═══ Provided material ═══
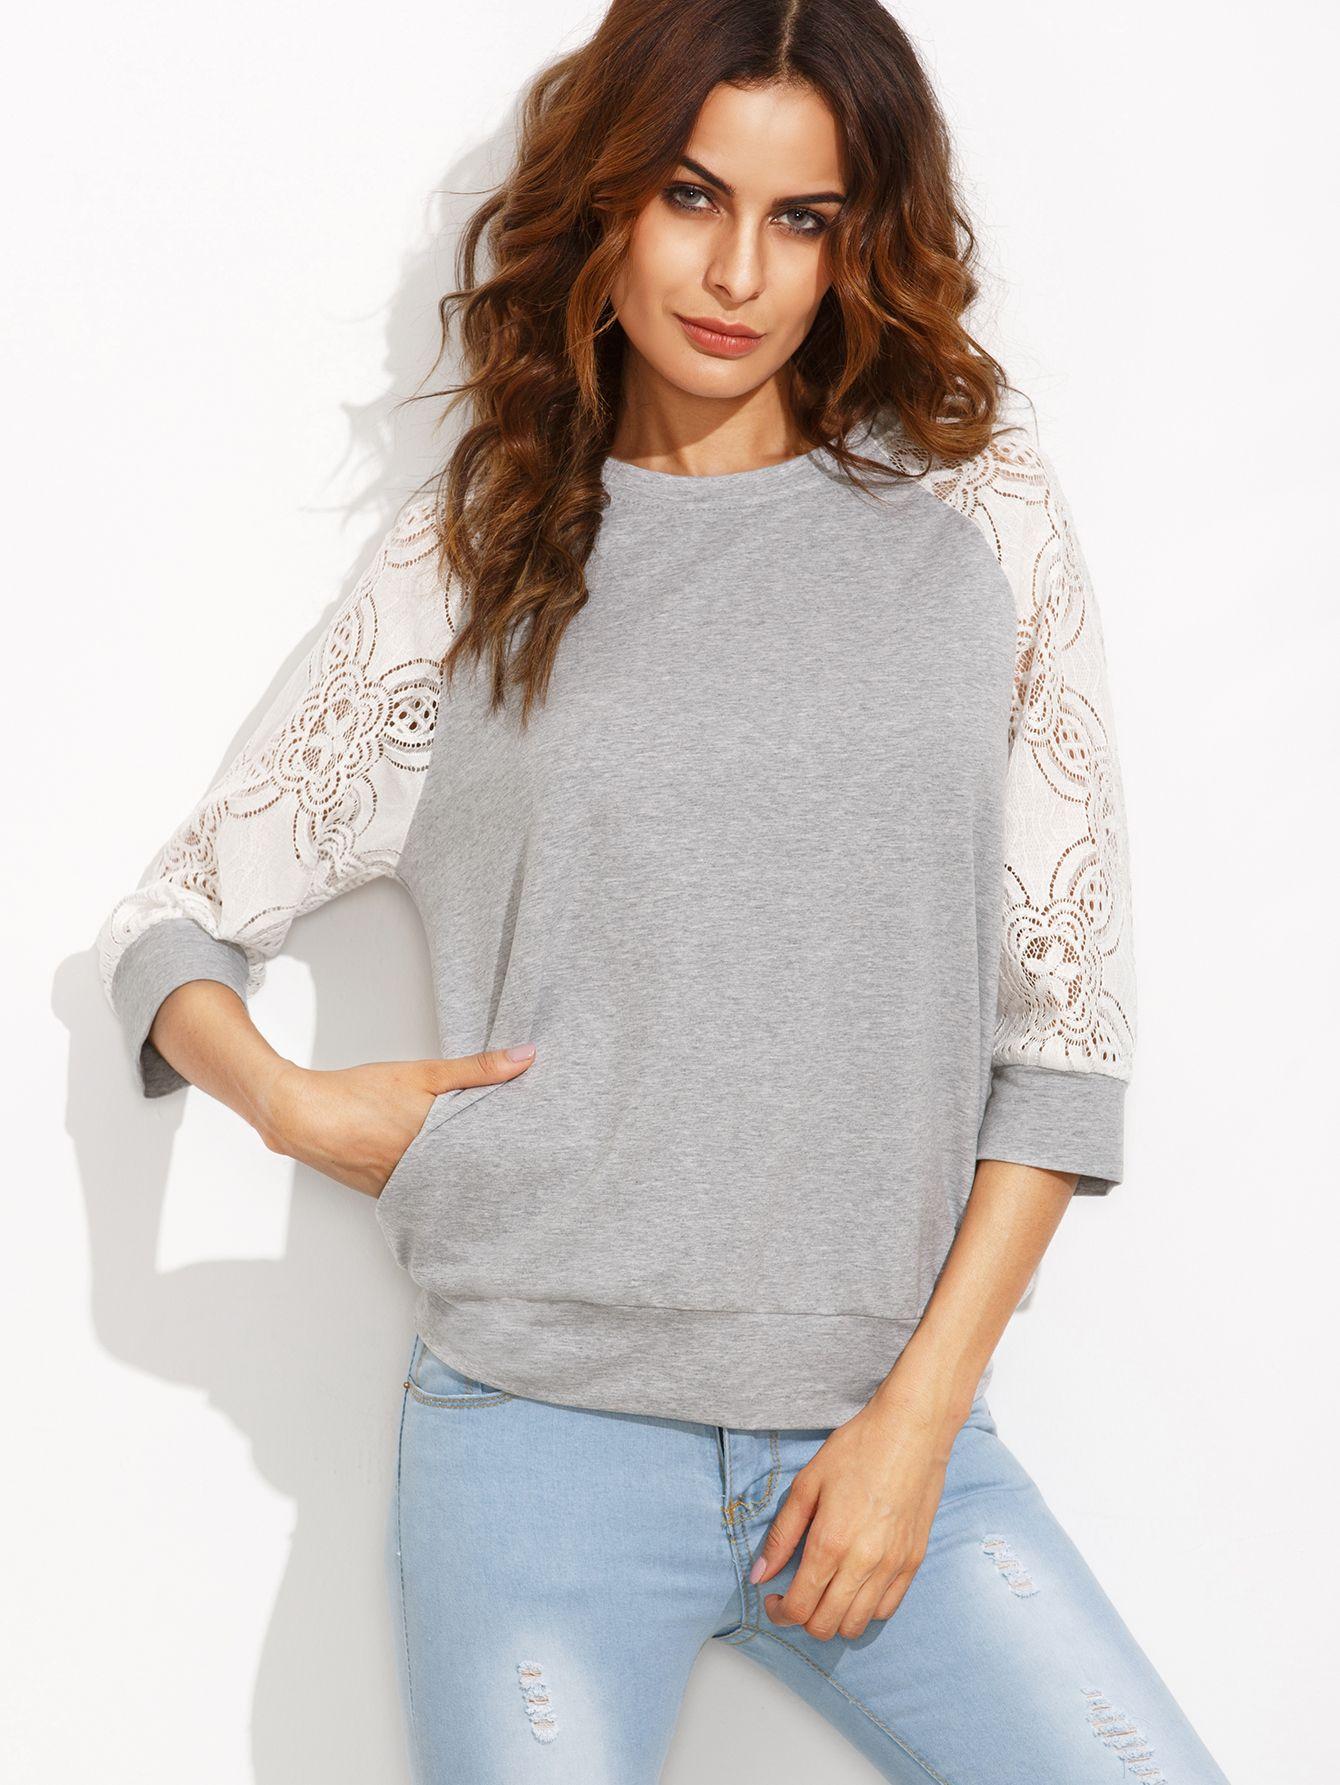 Heather+Grey+Contrast+Lace+Raglan+Sleeve+Sweatshirt+21.00
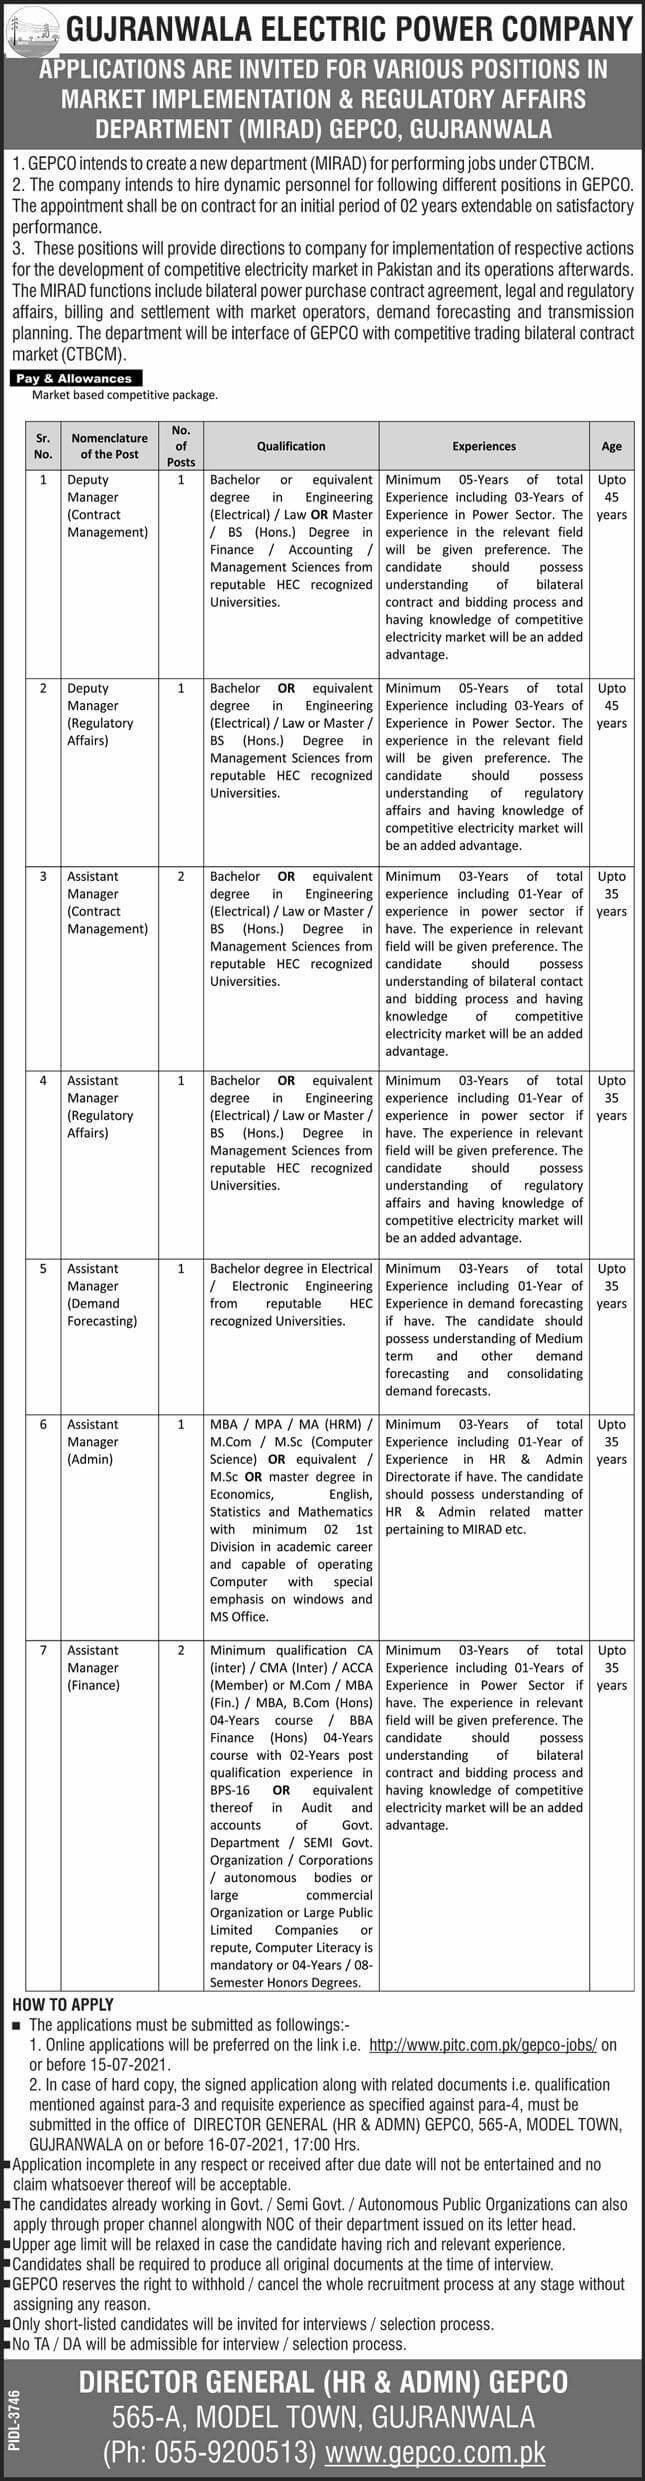 GEPCO Jobs 2021 Gujranwala Electric Power Company pitc.com.pk
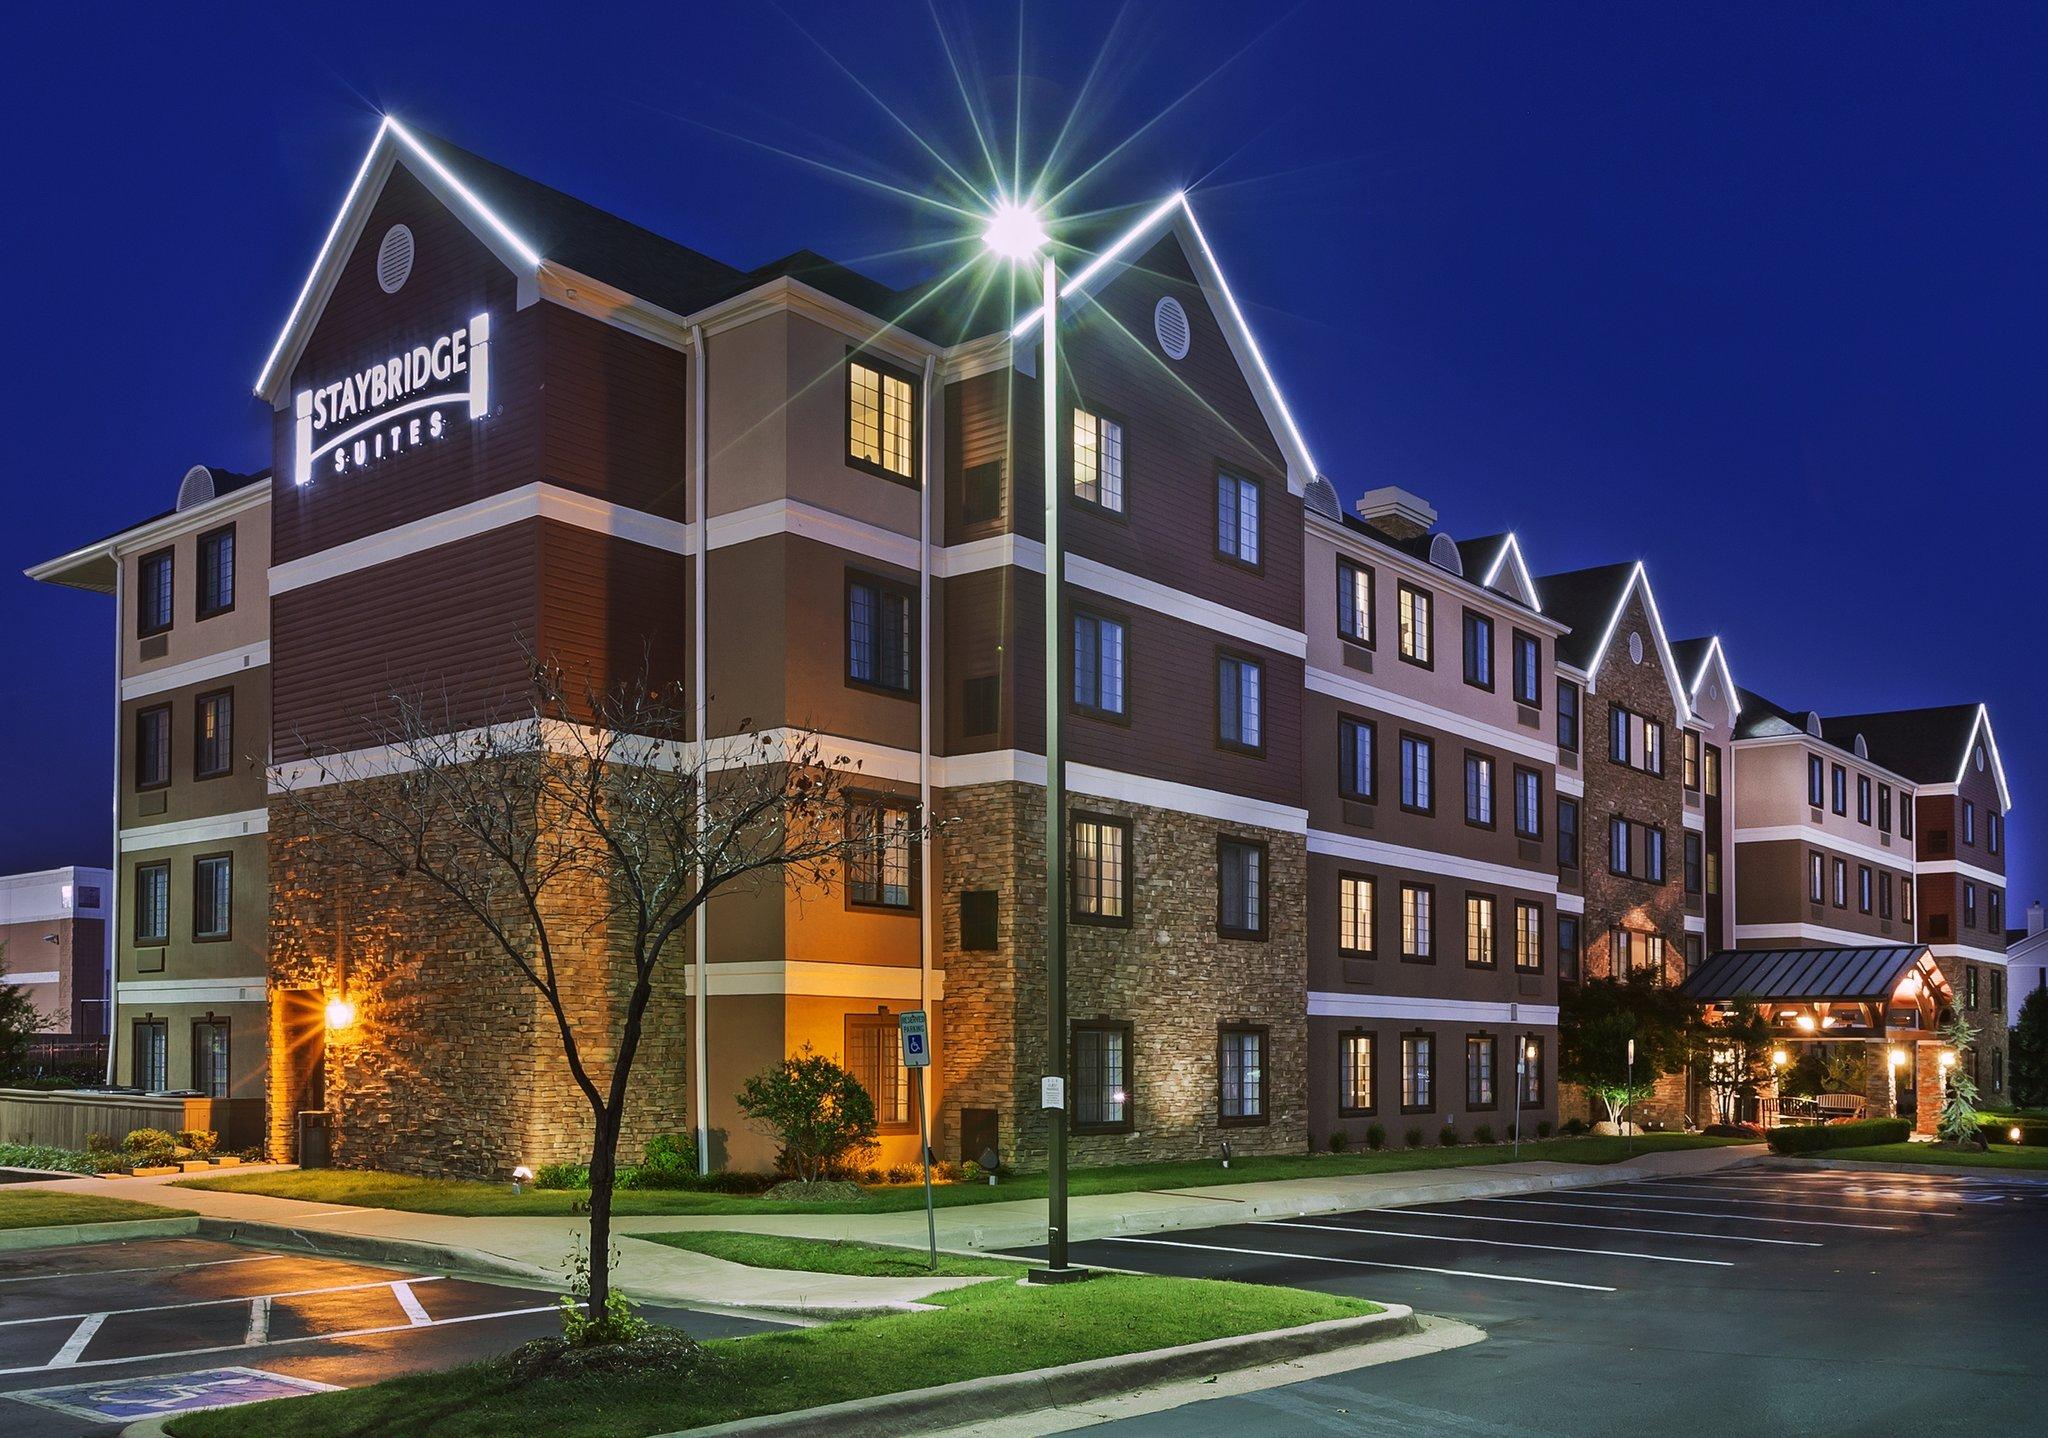 Staybridge suites hotel tulsa woodland hills updated 2017 prices reviews ok tripadvisor
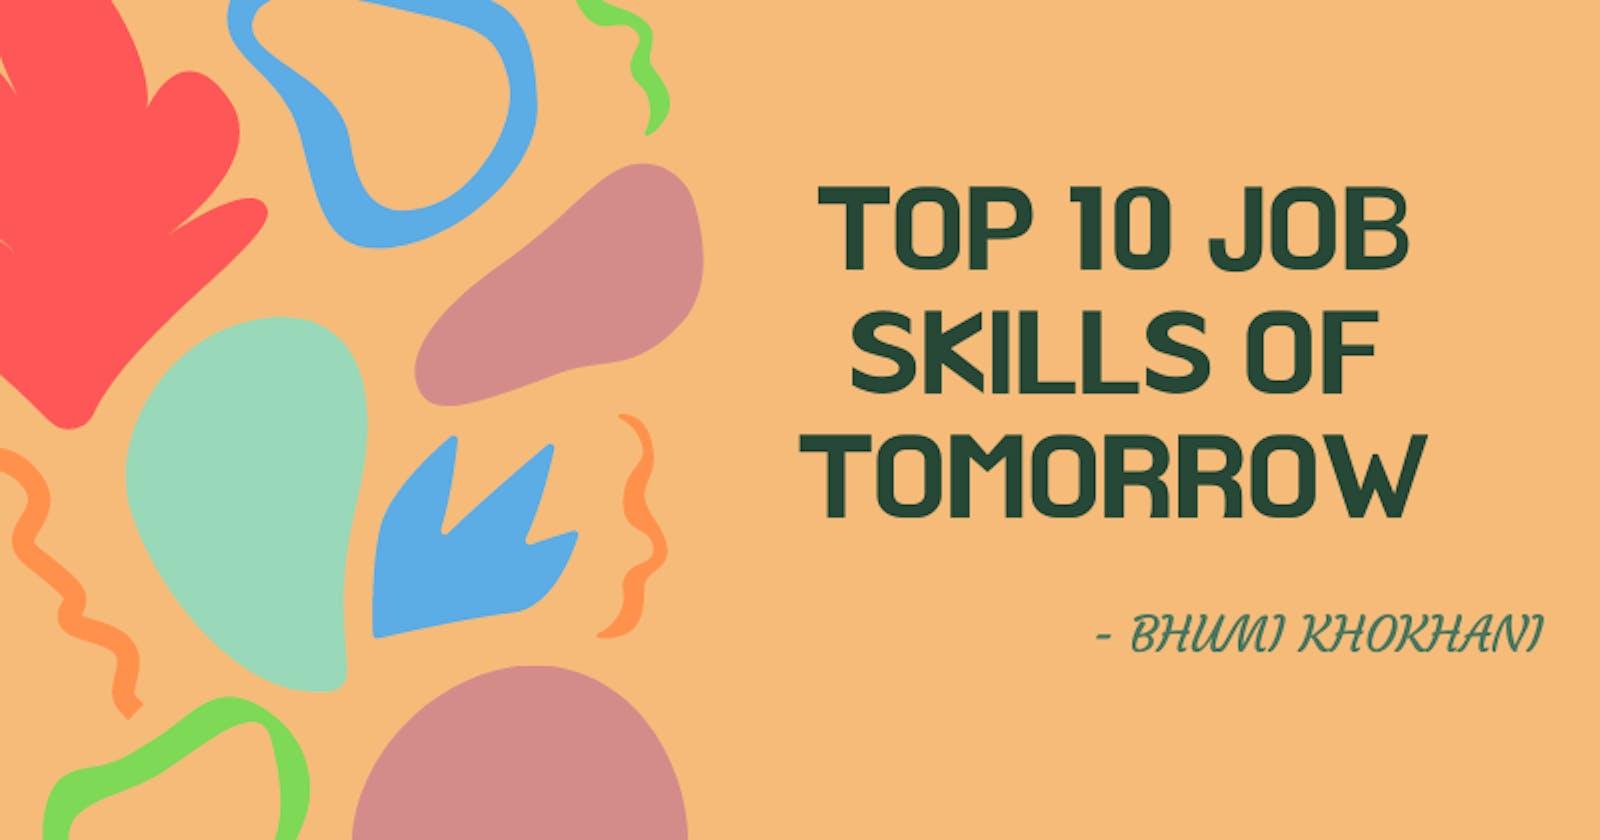 Top 10 job skills of Tomorrow
═══
**What needs to be done**:
Nothing but the pictures may be dropped; restate the material word for word.

**Output of the task**:
 Heather+Grey+Contrast+Lace+Raglan+Sleeve+Sweatshirt+21.00
 GEPCO Jobs 2021 Gujranwala Electric Power Company pitc.com.pk
 Staybridge suites hotel tulsa woodland hills updated 2017 prices reviews ok tripadvisor
 Top 10 job skills of Tomorrow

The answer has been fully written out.